On Wall Street, Big Tech has been swept away by the stock market storm

Posted on Oct 31, 2022 6:42 AMUpdated on Oct 31, 2022 at 6:43 am

The stock market week that just ended felt like a warning for “Big Tech”. There is no longer any question of preferential treatment for the stars of Wall Street. With rising rates, the situation has changed and the time for indulgence is over.

The brutality of the reactions to the publication of the quarterly results of the powerful Gafam (Google-Alphabet, Facebook-Meta, Amazon, Microsoft and Apple) testifies to this. Alphabet fell 9% on Wednesday and Microsoft 7.7%. Meta, whose strategy once again cast serious doubt on investors, fell 24% the next day. Amazon lost 7% on Friday. Only Apple survived, after punishments of rare violence. The company’s apple results were greeted with a gain of 7.5% on Friday.

So certainly, this positive note, combined with the drop in rates in the bond market, allowed the market to breathe. The Nasdaq, the index with a strong technological coloring on Wall Street, reached 2.87% during the session, which even enabled it to end the week in the green (+2.2%).

The wind has turned

But the tide really turned. And the deflation of the tech bubble, which began by affecting smaller or less profitable stocks, is also affecting the valuations of Wall Street behemoths. 2022 is not 2000, however. We remember a small online bookstore, Amazon, which then lost more than 90% of its value, and Apple which was dissolved by more than 80%.

Today, Apple, Microsoft, Google and Amazon remain stalwarts in the market. They are the only global companies with Saudi Aramco to exceed 1,000 billion dollars in capitalization. Even after this year’s spectacular fall: The stock prices of Google and Microsoft fell by about 35% and Amazon lost 50%. Apple, with a fall limited to 15% compared to its last record, even maintained a status of “safe haven” for investors. The Nasdaq as a whole is down 32% year-to-date.

Only Meta really took off. Facebook’s parent company, once one of the top five US capitalizations, now ranks 21ste listed company across the Atlantic. The size of the stock market correction is proportional to the level of investor concern.

More free passes

As David Older explains in Carmignac, Big Tech no longer benefits from privileges. “In an economic downturn, investors want to see these companies tackle the issue of protecting margins and spending discipline, and they often fail. Analysts, for example, expect Alphabet to take 6,000 people in the third quarter alone, but the group eventually hired more than 12,000 people.

Like all other listed companies, the Internet giants must now convince the markets of their serious budget and their ability to adapt to a less energetic environment. “Investors are wondering if some of these companies have become too large to show enough flexibility to protect their margins during the recession”, continued the manager.

Values ​​evolve

“This is the law of large numbers,” agrees Jacques-Aurélien Marcireau of Edmond de Rothschild AM. “Google accounts for about 50% of online advertising, which itself represents about half of global advertising budgets,” he recalls. “However, when growth slows down, optional spending is cut first, especially advertising. It would be an illusion to believe that Google will be saved in such a context. »
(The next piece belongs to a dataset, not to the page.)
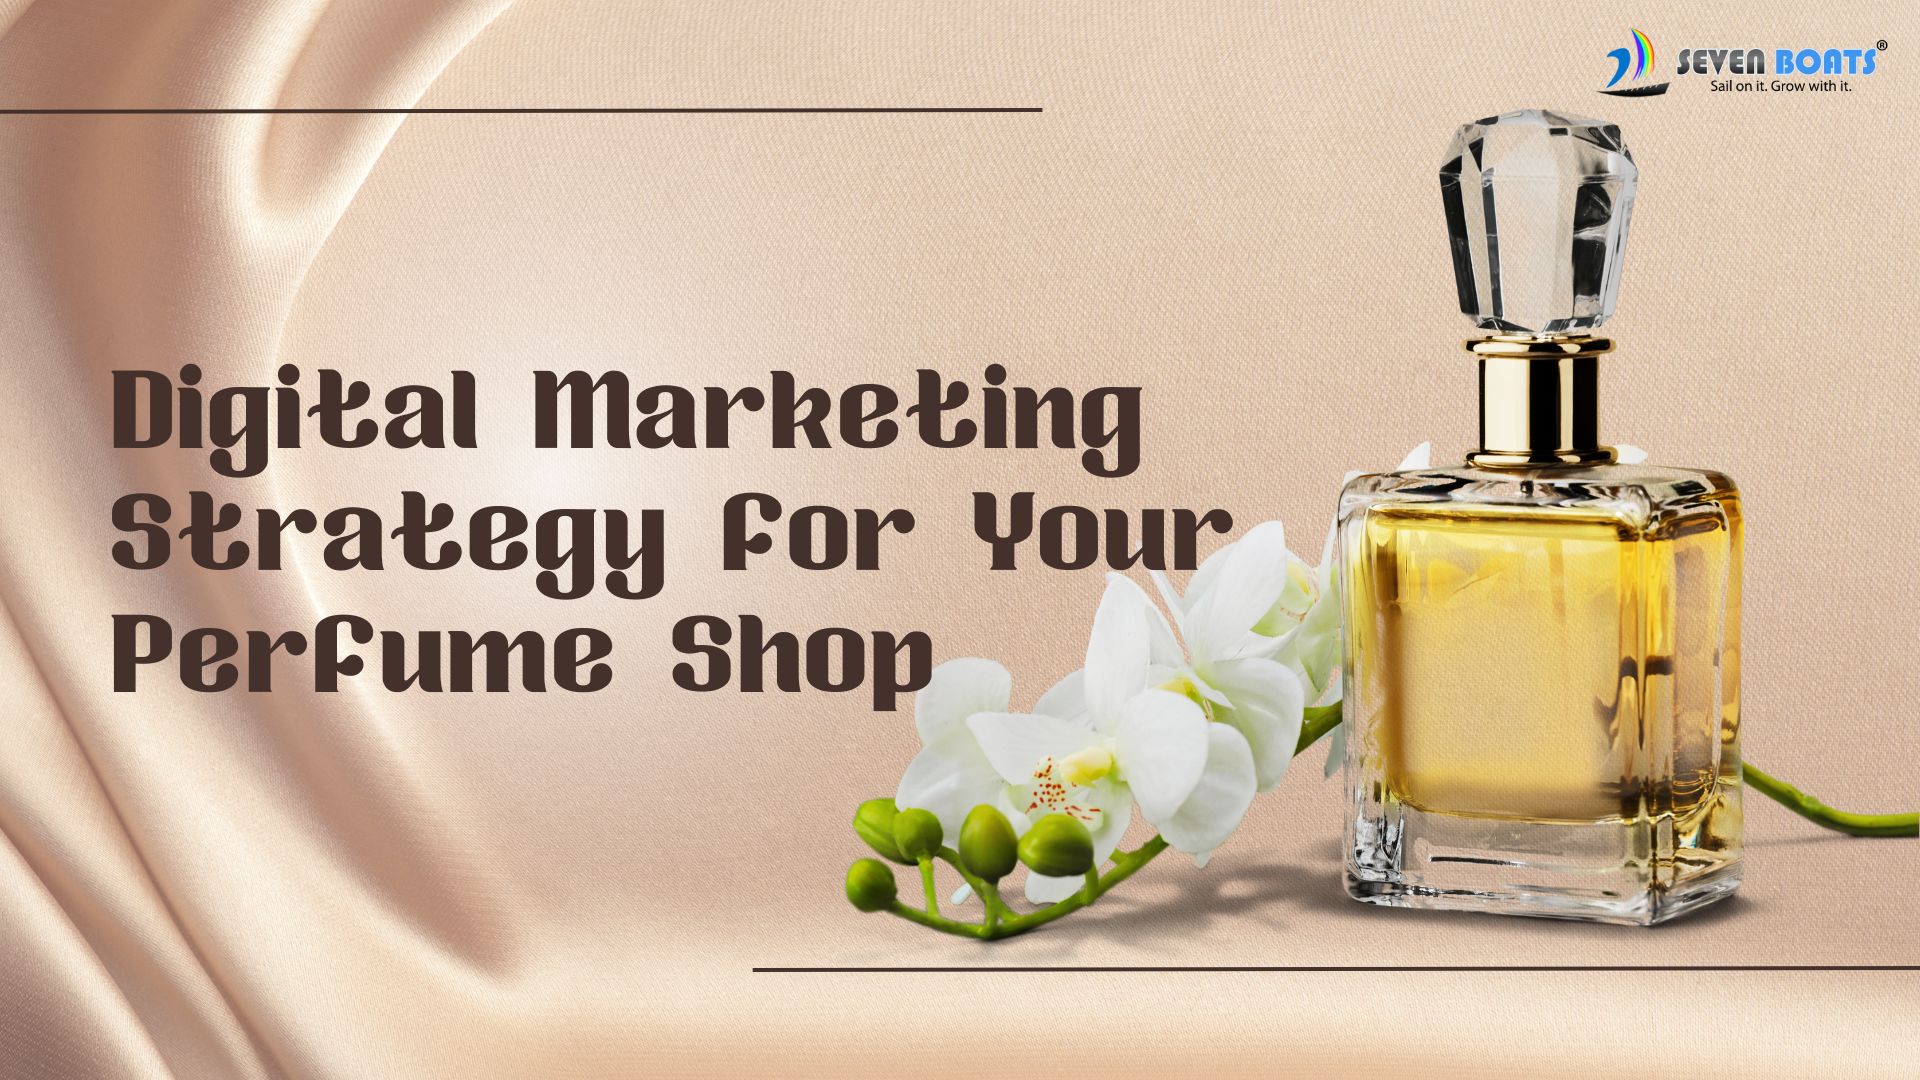 Digital Marketing Strategy for Your Perfume Shop

Has the market been cleared? According to one of the measures favored by analysts, the PER, or the next year’s expected earnings relative to the share price, Google has not been very affordable since 2012 at about 15 times the expected income in 2023 while its price is at its lowest. from January 2021 only. Similarly, Microsoft’s PER returned to its 2017 level of 22, after exceeding 35 at the end of last year. Its price has just returned to its March 2021 level.

“After more than two years of excess, Big Tech valuations are becoming attractive again,” said Jacques-Aurélien Marcireau. “But that doesn’t mean you have to buy everything together, some companies won’t do it,” he warned.